Come with me as I explore elsewheres and elsewhens, worlds unlike our own populated by fantastic characters and unbelievable customs. From kickstarting a killing to pulling a heist in a galaxy far, far away. From punked-out heroes to robots with free will trying to earn a living. Continue and find out what I thought of this quartet of first issues: Crowded, Edge of Spider-Geddon, Star Wars: Beckett and Volition.
by Christopher Sebela, Ro Stein & Ted Brandt
The Internet has transformed western economies and changed the way we consume goods and services. Here, writer Christopher Sebela takes the notion of sharing services and crowd-funding to the extreme, with the notion of crowd-sourced assassination contracts as a legal response to people who have wronged others. This social satire doesn’t seem as far-fetched the premise might suggest. The sassy interplay between the target and her hastily-hired bodyguard (retained online, of course) is fun, if a little predictable and clichéd.

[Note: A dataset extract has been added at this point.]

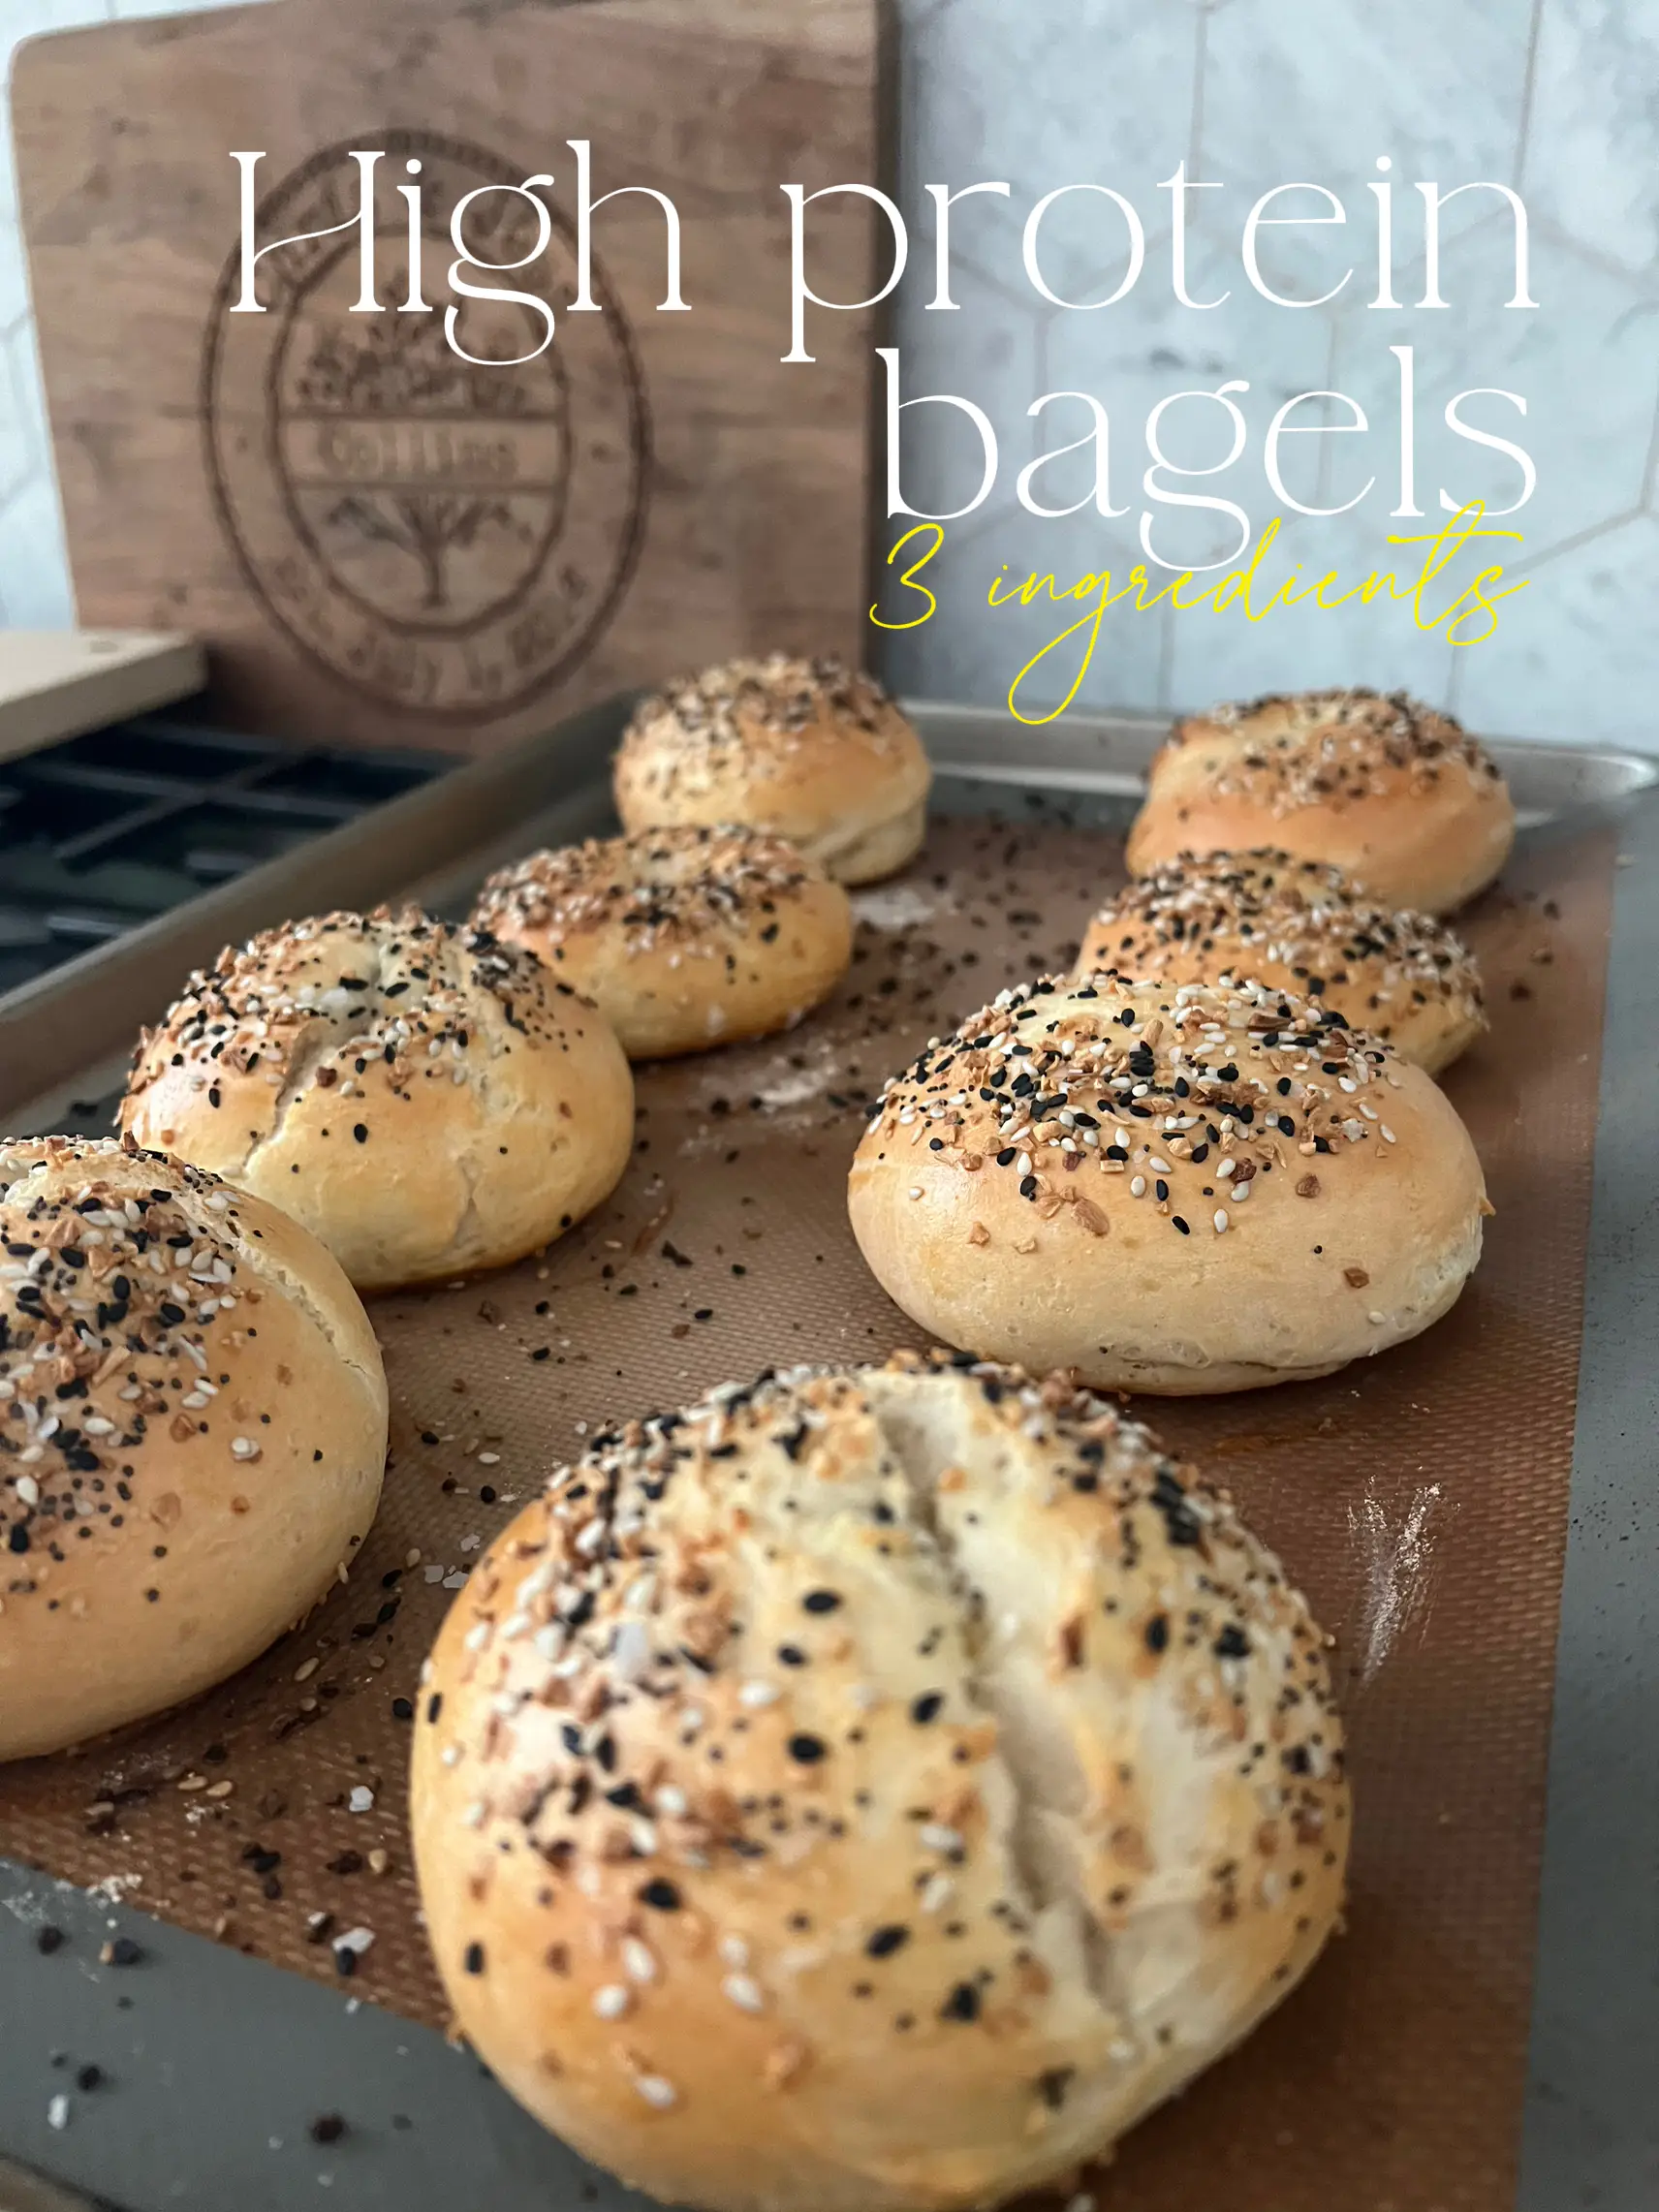 Homemade High Protein Bagels Recipe

Ro Stein’s angular, elongated and exaggerated figures is very much in keeping with the over-the-top nature of the plot and premise. I like how he balances Charlie’s style and sexuality with Vita’s casual and blasé attire and attitude. The extreme perspective and cutaway to give the reader a sense of the latter character’s enormous home was impressive as well. The inking is a bit loose at times and could have brought a bit more clarity to the mix, but overall, it’s an attractive book that conveys the frenetic pace of the plot. 6/10
by Jed MacKay & Gerardo Sandoval
It appears this is a sequel of sorts to Spider-Verse, which similarly launched with a prologue series called Edge of the Spider-Verse, which introduced alt-universe incarnations of spider-heroes (notably marking the debut of Spider-Gwen in the second issue). This inaugural issue of Edge of Spider-Geddon is a primer on Spider-Punk (though he doesn’t like to be called that). Though the script suggests we’ve seen this character before, it’s quite accessible. Jed MacKay’s characters and premise is all about rebellion against the establishment, and it’s a resonant message, given the state of political and the socio-economic divides in the world today. The story feels meaningless; we knew the main character will emerge unscatched so he can participate in the larger epic suggested in the name of the comic itself. However, I have to admit I enjoyed seeing these radically different takes on familiar Marvel icons. MacKay doesn’t stick to the usual archetypes here; for example, this Spider-Man is Hobie Brown, not an alternate reality’s version of Peter Parker.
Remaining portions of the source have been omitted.